Colourful, flavourful and light as air, Mediterranean cuisine remains a hot favourite.
TROUT IN VINE LEAVES
Prep time 30 mins Cooking time 40 mins to 1 hour Serves 6-8
1 trout (about 1 kg) 12 large vine leaves, washed 2 tbsp olive oil 2 lemons, sliced, and pitted olives, to garnish
1 tbsp olive oil 1 tbsp butter 1 onion, chopped 2 cups basmati rice 1 tsp Chinese five-spice 1 bay leaf 1 cinnamon stick 450ml boiling water 1 tsp salt 2 tbsp chopped flat-leaf parsley 1 lemon, zest of 4 tbsp toasted almond flakes, plus extra for garnish 1 tbsp toasted pine nuts
Preheat the oven to 200°C. To prepare the filling, heat oil and butter in a deep-frying pan and sauté the onion until glossy.
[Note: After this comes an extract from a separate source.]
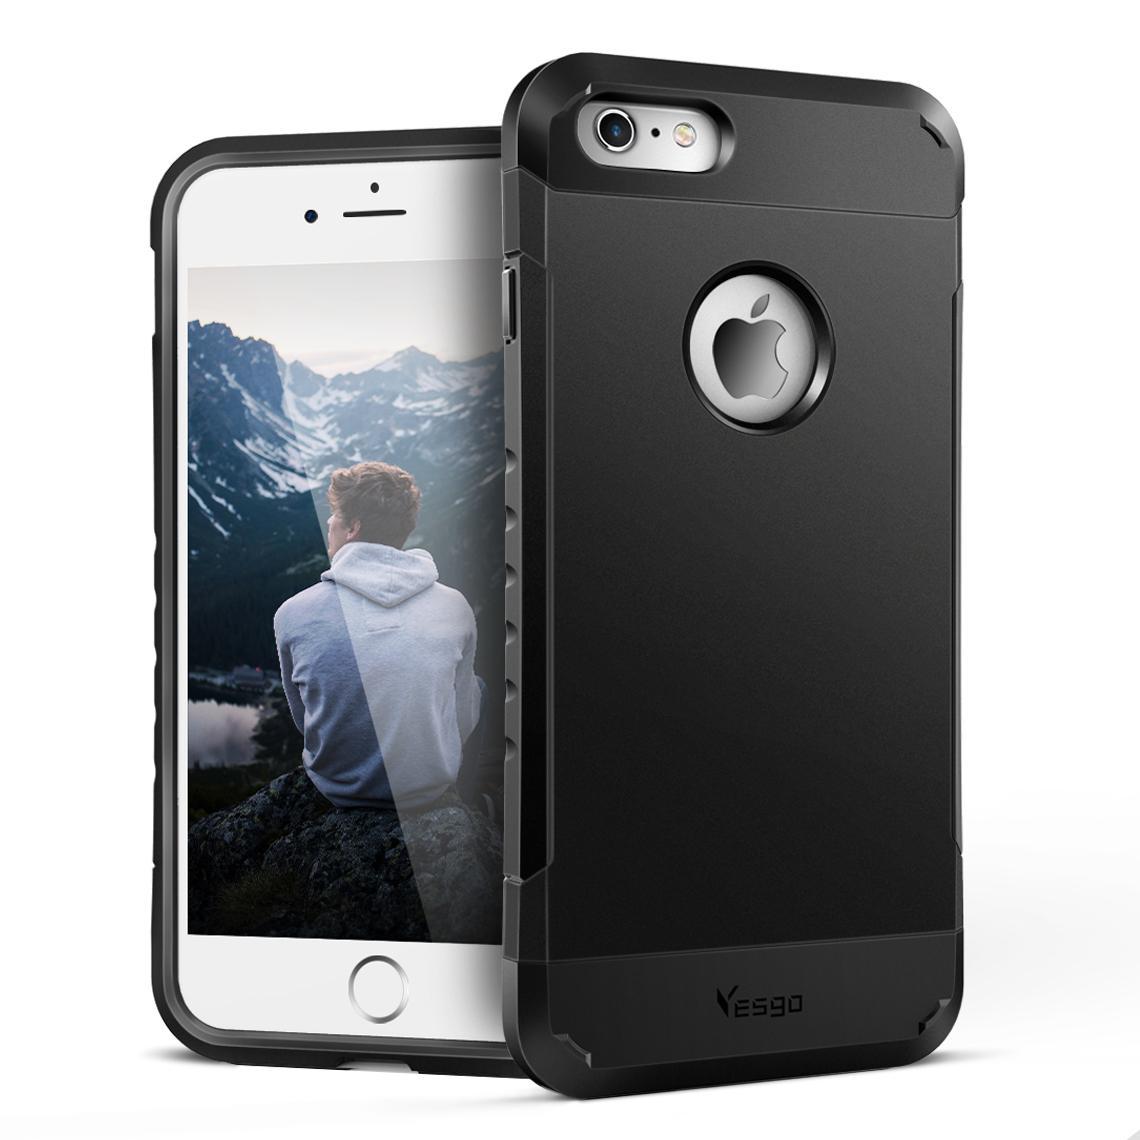 iphone 6s plus case iphone 6 plus case dual. Black Bedroom Furniture Sets. Home Design Ideas

Add the rice, five-spice, bay leaf and cinnamon and sauté for another 2 minutes or until all the rice is coated with the oil. Stir in the boiling water and salt,
cover and cook until rice is done, about 12 minutes. Then, stir in the remaining ingredients and allow to cool slightly. Rinse the fish and pat-dry with paper towels. Carefully cut along its spine and remove the bone. Season the fish inside and out with salt and pepper and fill the cavity with the rice mixture (if there’s any excess serve it along with the fish). Next, wrap the trout with the vine leaves – the head and tail can stick out – and secure with a thin string. Place on baking paper in an ovenproof dish and bake for 45 minutes.
Remove the string once the fish is cooked, garnish with almond flakes, lemon and olives and serve immediately.